How Microsoft Research uses creative data mining

Because MSR (Microsoft Research) almost exclusively focuses on software, the group’s passions favor computing applications, rather than mechanisms or infrastructure. Stick a tape recorder in front of Rashid, for example, and he will muse at length about the implications of a world with virtually unlimited data storage.

In just a few years, he says, a terabyte of storage will be cheap enough to be within the reach of most consumers. Rashid is confident of an explosion in computing resources and capabilities. “What I do worry about is, are we going to be able to do anything with them?” Such is his charge to MSR: Figure out how people can take advantage of unlimited storage, gobs of bandwidth, and scads of processing power.

Examples of creative data mining and management abound. Anoop Gupta, a former Stanford computer science professor, has cooked up software that automatically produces highlight reels, or summaries, of video content.

Feed it a ballgame and the software will listen for cues such as the roar of the crowd, the crack of a bat, or the screech of an excited sportscaster. The software will add those moments to the recording and leave all that tobacco spitting between pitches on the hard drive’s cutting room floor.

Gupta’s colleague, research sociologist Marc Smith, has developed Netscan, a way to mine data from discussion groups. By identifying the longest threads of messages in a group devoted to Microsoft’s Visual Basic programming language, for example, the product’s manager could find a feature that needs better documentation in the next version. By looking at which people post messages most often and how often people respond to them, a company might be able to identify the leaders in its customer community, Smith says.

Build it or buy it?

The long-term focus is paramount, but when research at MSR yields a potentially useful product, it’s not ignored. “We bear responsibility, because we are part of Microsoft, to take technologies we develop and, where they seem mature, to move them into our products,” Rashid says. Smith’s Netscan, for example, might debut next year as a product for corporate marketers or others interested in tracking communities on the Web.

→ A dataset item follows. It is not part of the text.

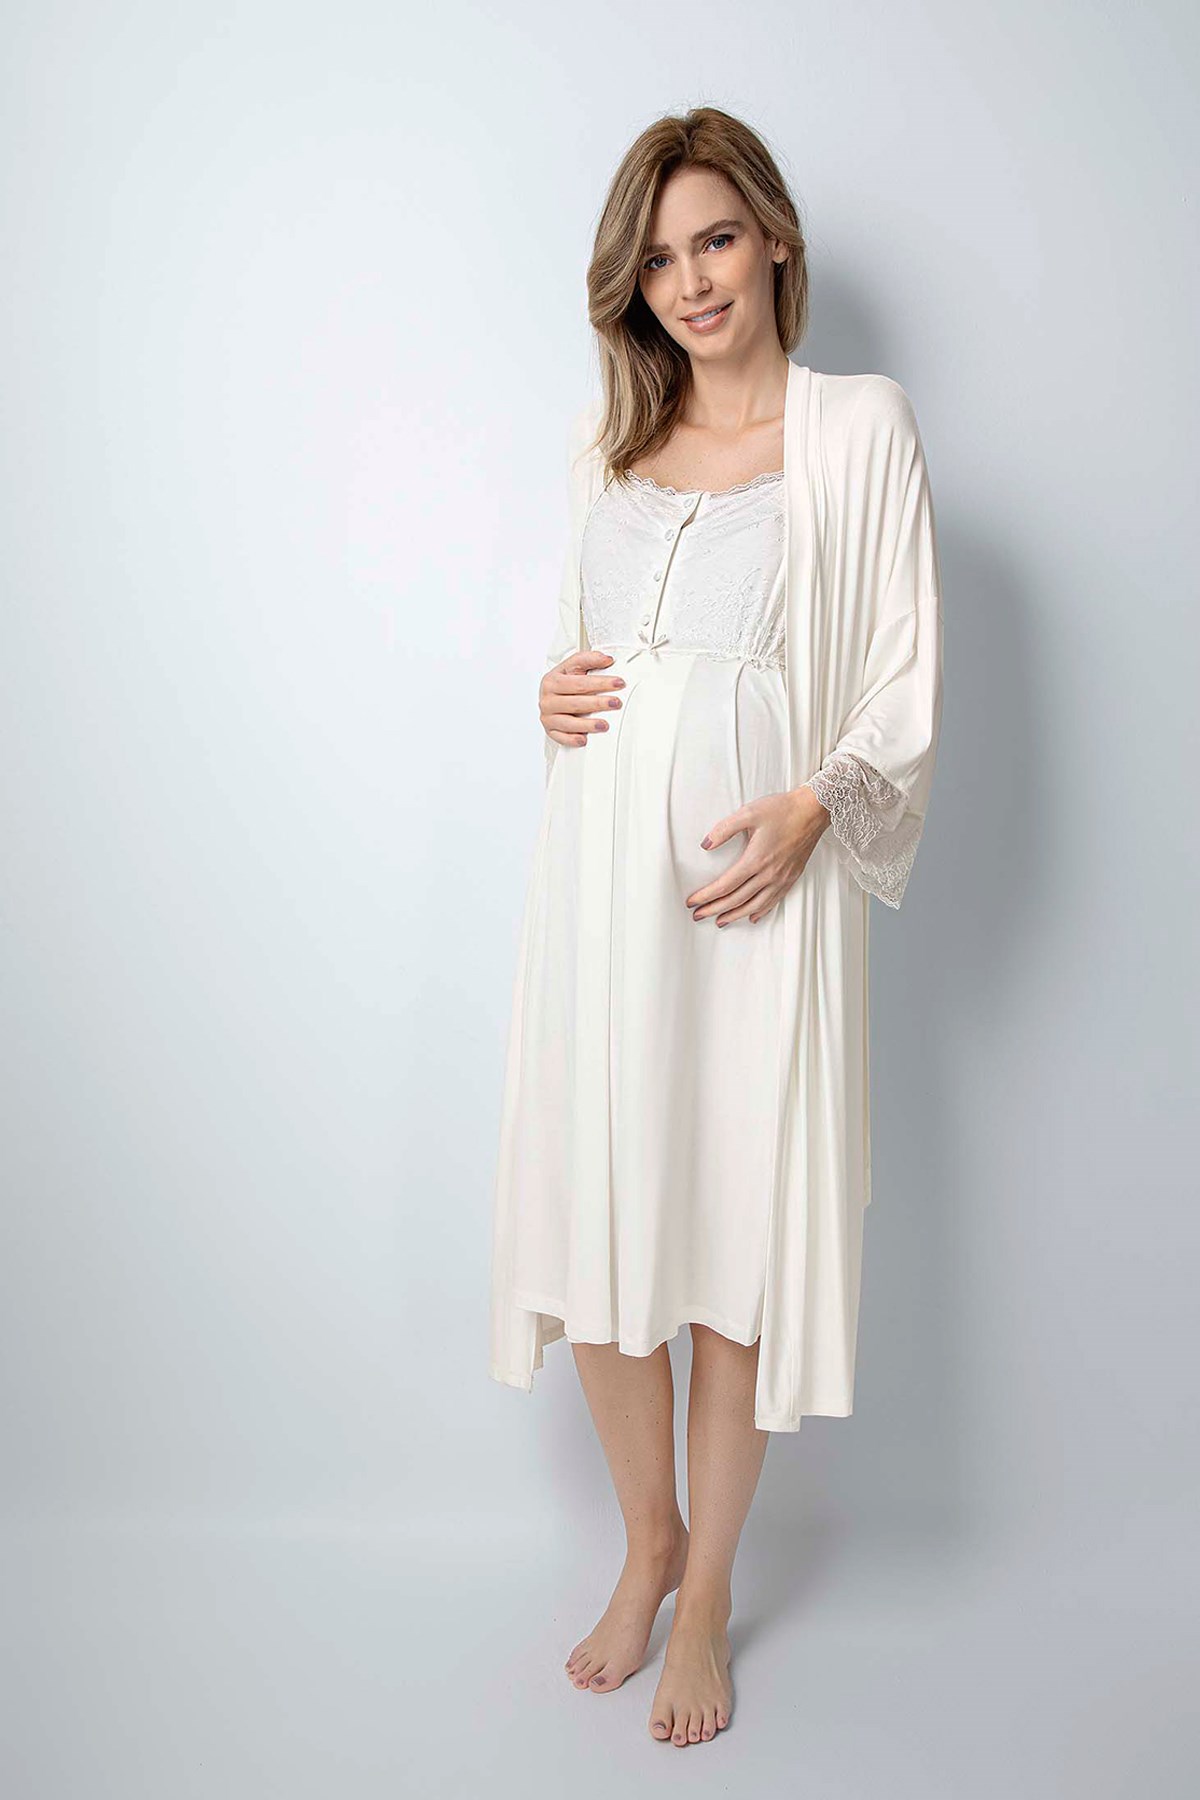 Monamise 18202 Maternity Nightgown with Robe Set for Hospital and Home

Some technology transfers have spawned whole new products, albeit with mixed success. Microsoft’s Digital Media Division, which started in MSR, produces the Windows Media Player and associated software for digital rights management as well as music and video compression. Researcher Henrique Malvar’s signal processing research team supports the group by churning out improved compression, watermarking technology, and noise-filtering algorithms. Meanwhile, MSR’s work on text retrieval and indexing will play a vital role in the upcoming release of the Sharepoint portal server, which will help companies find documents and publish them on intranets.

But these efforts all beg the same question: Couldn’t Microsoft have just licensed these technologies? None of these products or features seems unique. There is no shortage of media compression algorithms, or text-indexing portal servers, or – another MSR product contribution – e-commerce databases that predict customer preferences. Is there any apparent reason – at least from a short-term product perspective – that such seemingly common innovations have to actually come from in-house?

Of course there is, replies Craig Mundie, Microsoft’s senior vice president of advanced strategies. Integration with an in-house lab is always greater than with a licensee. “We frequently have researchers who leave MSR for our product groups to expedite the transfer of technology, and then return to continue developing advanced software,” he says.